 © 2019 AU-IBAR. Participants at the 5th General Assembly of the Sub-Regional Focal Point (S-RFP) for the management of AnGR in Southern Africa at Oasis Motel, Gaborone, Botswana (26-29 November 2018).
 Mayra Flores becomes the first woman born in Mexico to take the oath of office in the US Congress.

──────

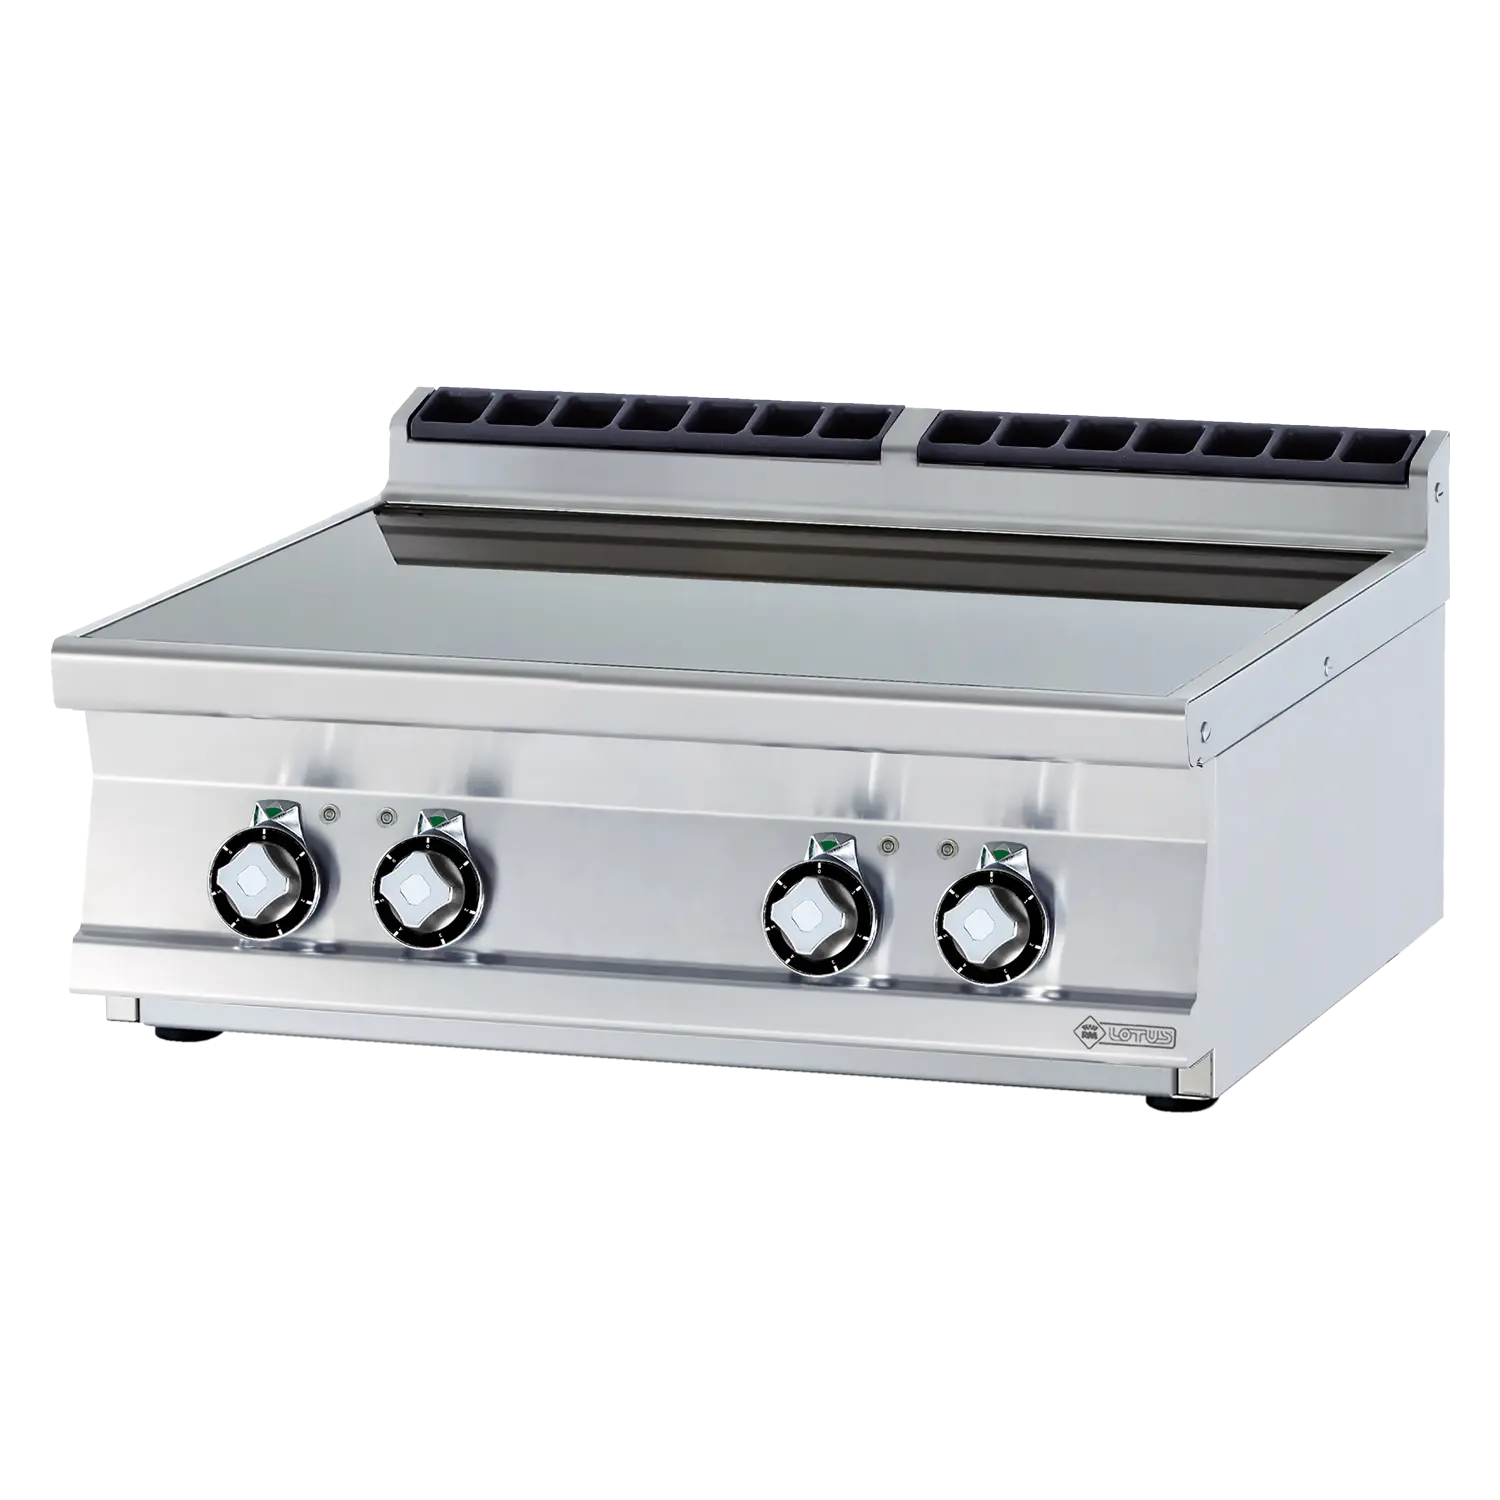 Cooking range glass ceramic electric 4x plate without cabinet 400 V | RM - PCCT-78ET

──────

◆ **Exercise aim**
Repeat, word for word, the lines above between the line holding "(26-29 November 2018)." and the line holding "Mayra Flores becomes", inclusive; omit everything else.

◆ **Response**
 © 2019 AU-IBAR. Participants at the 5th General Assembly of the Sub-Regional Focal Point (S-RFP) for the management of AnGR in Southern Africa at Oasis Motel, Gaborone, Botswana (26-29 November 2018).
 Mayra Flores becomes the first woman born in Mexico to take the oath of office in the US Congress.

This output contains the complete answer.